Reference no: EM131956344
Management Decision
Going Global South of the Border
You are the CEO of a small but growing manufacturing company in Texas. Despite the global economic downturn, you have managed to keep the company's head above water, and your board is pressuring you to take advantage of opportunities outside the United States so the company is well positioned in the global marketplace when recovery takes place. Everyone seems to be turning to China, with its low labor costs and pool of highly skilled workers. Some people call you crazy, but you are looking just a few miles south of the border at Mexico.
They call you crazy because the political uncertainty in Mexico is quite high. Corruption is rampant in Mexican bureaucracy. And drug-related violence makes the thought of sending your workers to Juarez, just south of the border, enough to turn your stomach. You've read reports of workers being accosted at banks on payday, executives being kidnapped, bodies dangling from highway overpasses, and the 2000-plus murders in Juarez over the past year and a half doesn't leave you confident that Mexico is a good place to build your business. China certainly has a growing market in manufacturing, but so does Mexico. And, despite the corruption and violence, it is growing even further, offering great opportunity in a less competitive environment.
Some schools in Mexico are partnering with industry to establish programs in aerospace engineering, microelectronics, bioengineering, radio frequency design, and renewable energies that will produce a larger pool of quality skilled labor.
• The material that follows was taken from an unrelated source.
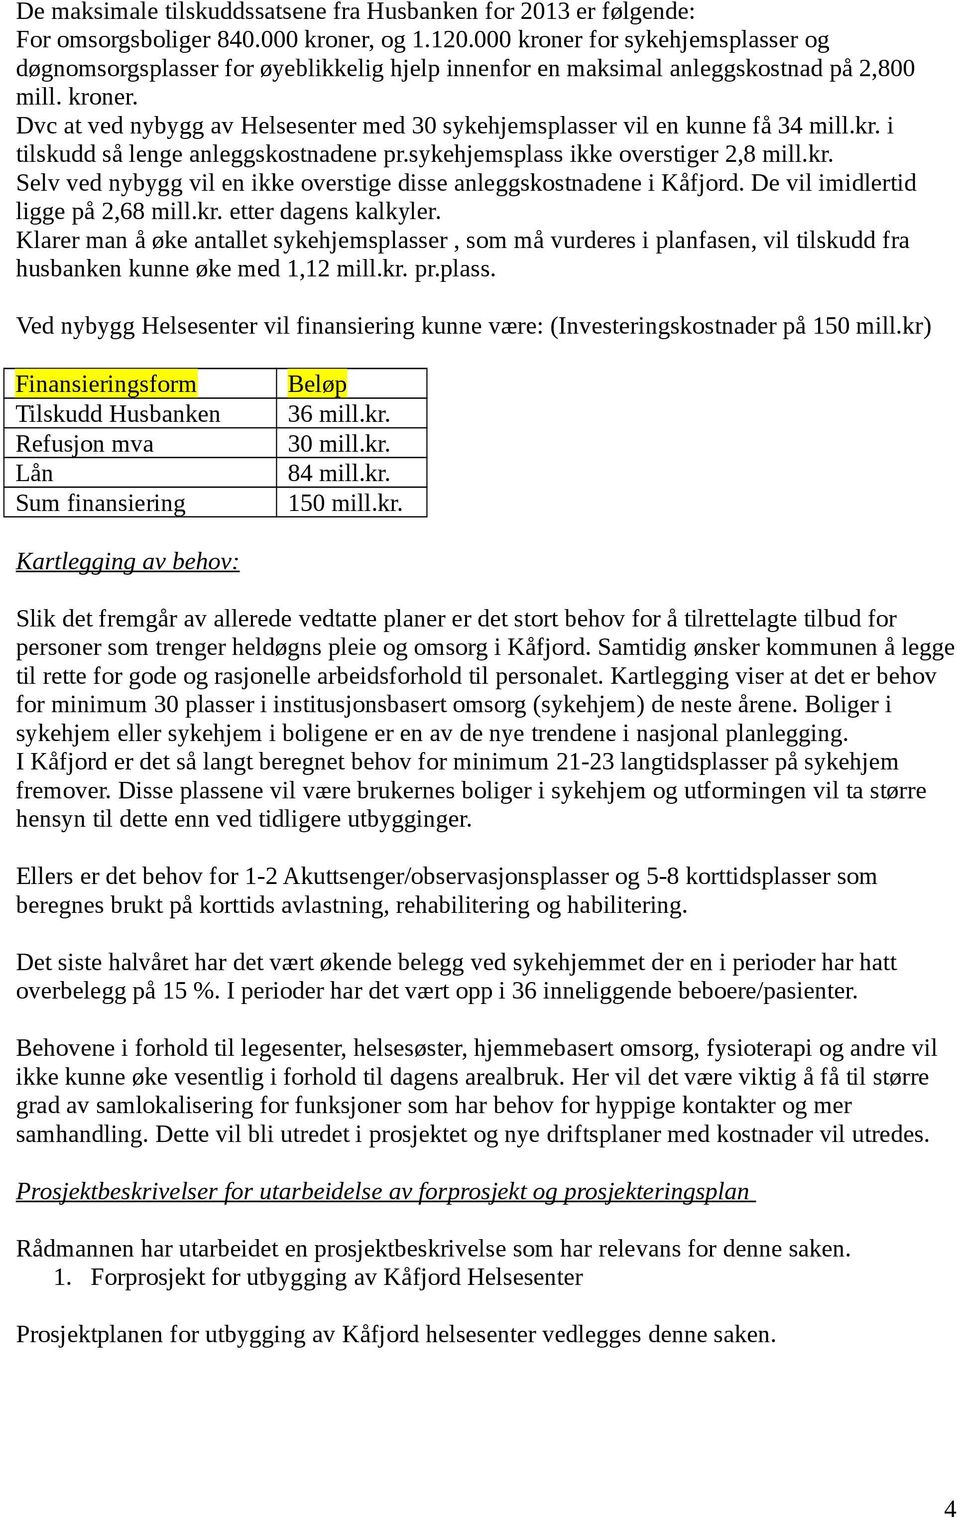 kr. i tilskudd så lenge anleggskostnadene pr.sykehjemsplass ikke overstiger 2,8 mill.kr. Selv ved nybygg vil en ikke overstige disse anleggskostnadene i Kåfjord. De vil imidlertid ligge på 2,68 mill.

Purchasing power is also quite low in Mexico, as it is in China, making the cost of this skilled labor low. While the reasons not to establish business in Mexico are daunting, going global in China is not all roses, either. It costs a lot in money and tied-up inventory to ship products back to the United States.
What would be expensive and take two weeks could be done cheaply and in a matter of days from a Mexican maquiladora, or factory focused on producing products for export. You would also face the potential for loss of intellectual property and a high rate of piracy in China, and of course quality control problems in China are notorious. If your factory is just south of the border, you have the opportunity for direct control and oversight-if only you can minimize the risk of violence and convince your team that it is still worth going.
Questions
1. What strategy would you take toward Mexico: an avoidance strategy, a control strategy, or a cooperation strategy? Explain your choice using the criteria outlined in the text.
2. What steps would you take to reduce the impact of violence on your business in Mexico?